Al llegar, nos recibió la doctora, una mujer de unos cuarenta y tantos, con una sonrisa cálida y profesional. Nos llevó a la sala de ecografías y nos explicó cómo funcionaría todo. Ivonne se recostó en la camilla, y me tomó la mano con fuerza. Podía sentir cómo le sudaban las palmas, y eso me hizo sonreír. Estábamos los dos en esto, compartiendo el mismo nerviosismo.

—Todo va a estar bien, ¿verdad? —me susurró, mirándome con esos ojos que me habían enamorado desde el primer día.

—Por supuesto —le respondí, apretando suavemente su mano—. Va a ser increíble, ya verás.

La doctora aplicó el gel sobre el vientre de Ivonne y comenzó a mover el transductor.

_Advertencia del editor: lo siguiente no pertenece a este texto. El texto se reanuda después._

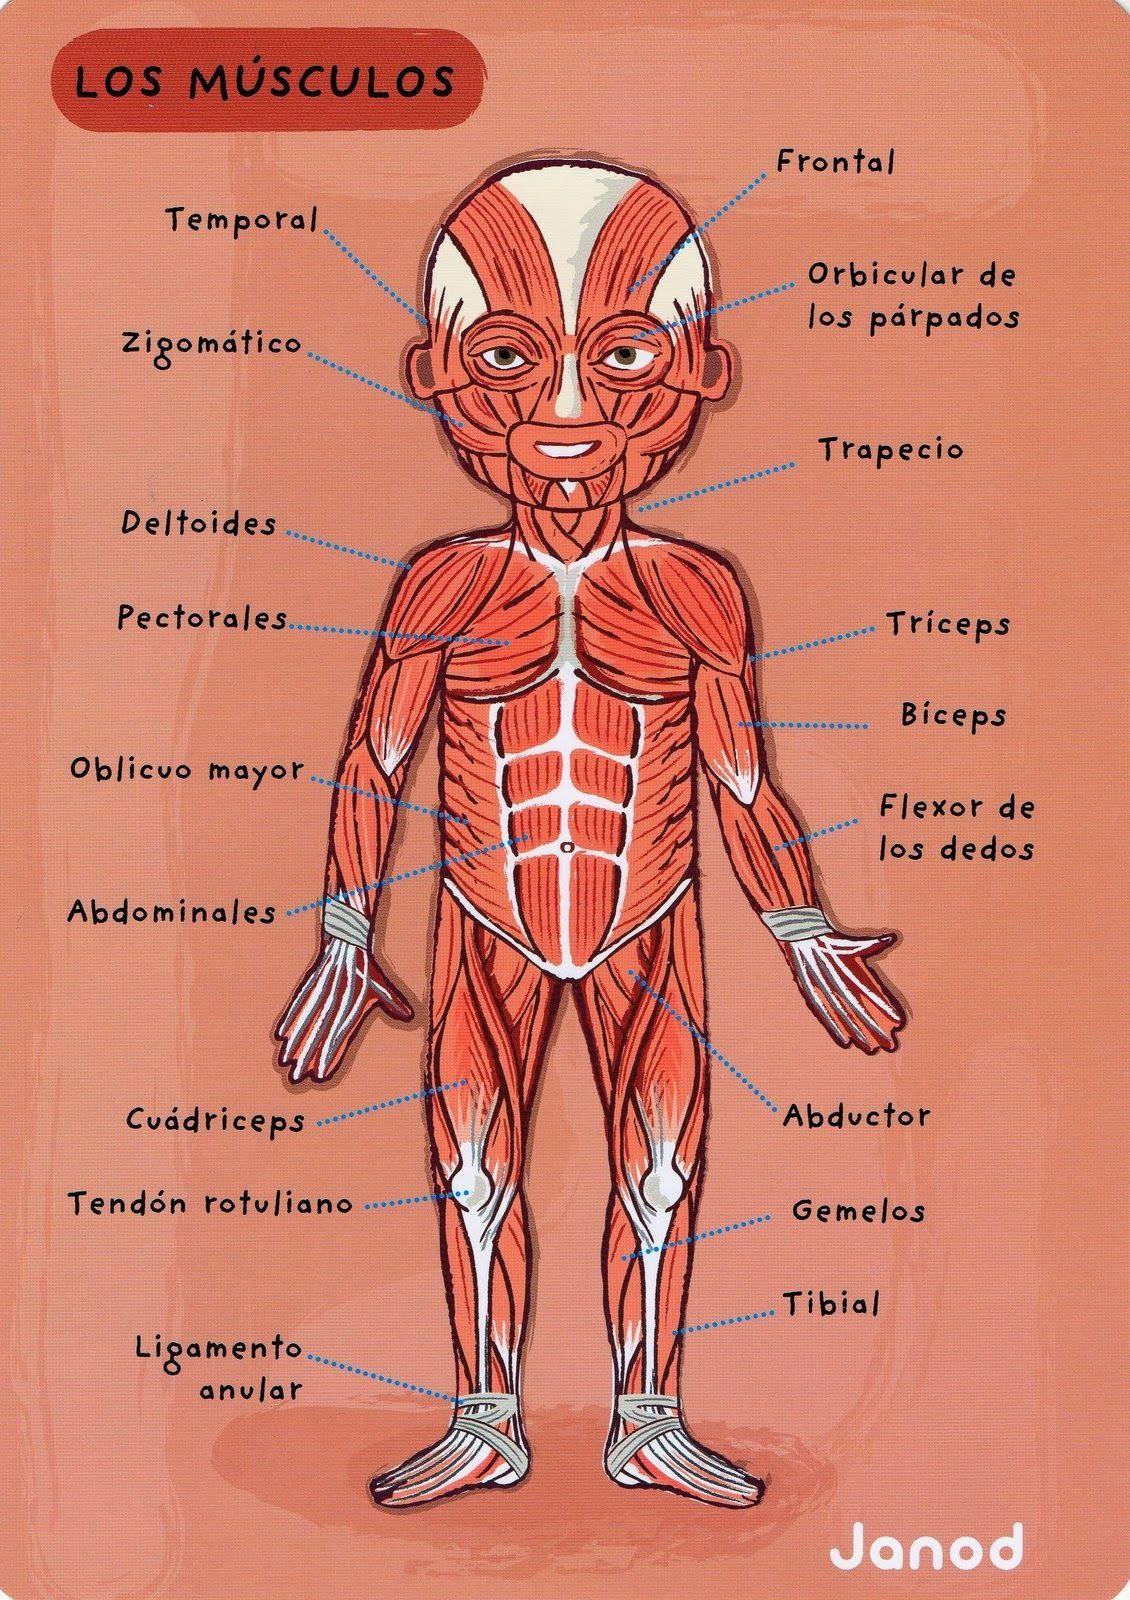 cuerpo-humano-musculos.jpg 1,130×1,600 píxeles   Dibujo   Pinterest ...
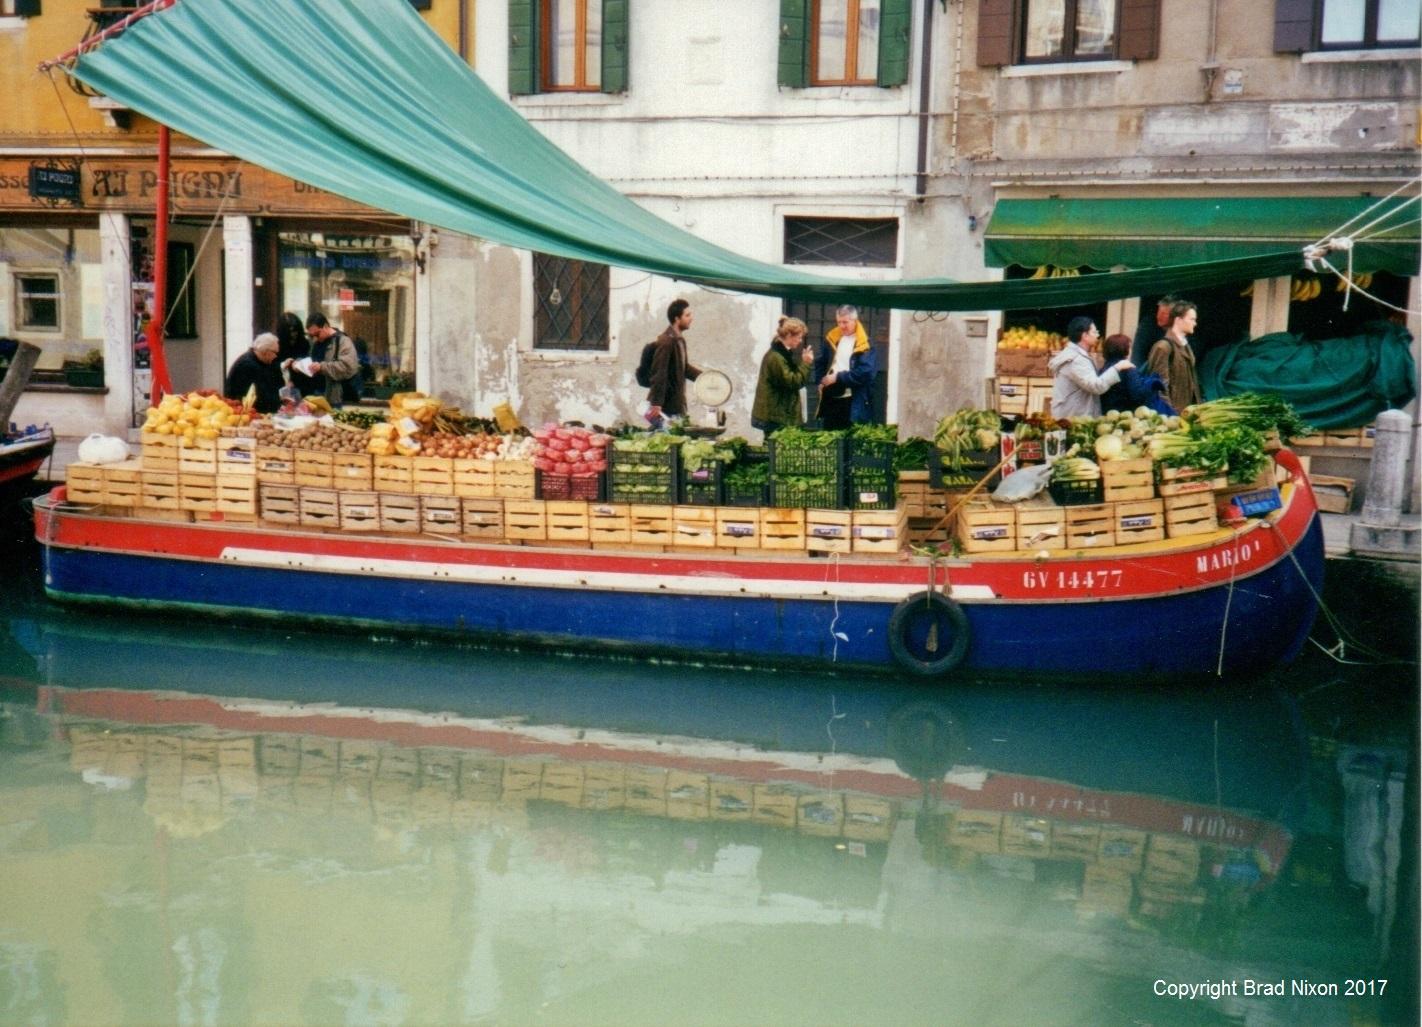 Venice: Boat Building, Bridge Fights and a Boat Legend

Yo miraba la pantalla, sin entender mucho lo que veía, pero de repente, se escuchó un sonido. Un latido. Fuerte, rápido, como el tamborileo constante de un pequeño corazón. Me quedé congelado en ese momento. No podía creerlo. Ese era nuestro bebé.

—¿Lo escuchan? —dijo la doctora con una sonrisa—. Ese es el corazón de su bebé.

Miré a Ivonne, que tenía los ojos llenos de lágrimas. Apreté su mano con más fuerza, incapaz de decir una sola palabra. Escuchar esos latidos, tan reales y tan llenos de vida, fue el momento en que todo se volvió más concreto. Ya no era solo una idea o una ilusión, era una realidad. Nuestro hijo o hija estaba allí, creciendo dentro de ella.

—Es increíble... —logré decir finalmente, con la voz ligeramente quebrada—. No puedo creer que eso esté pasando.

Ivonne asintió, sin poder articular palabra. Nos quedamos en silencio, escuchando el latido del corazón de nuestro bebé, compartiendo ese momento que no olvidaríamos jamás.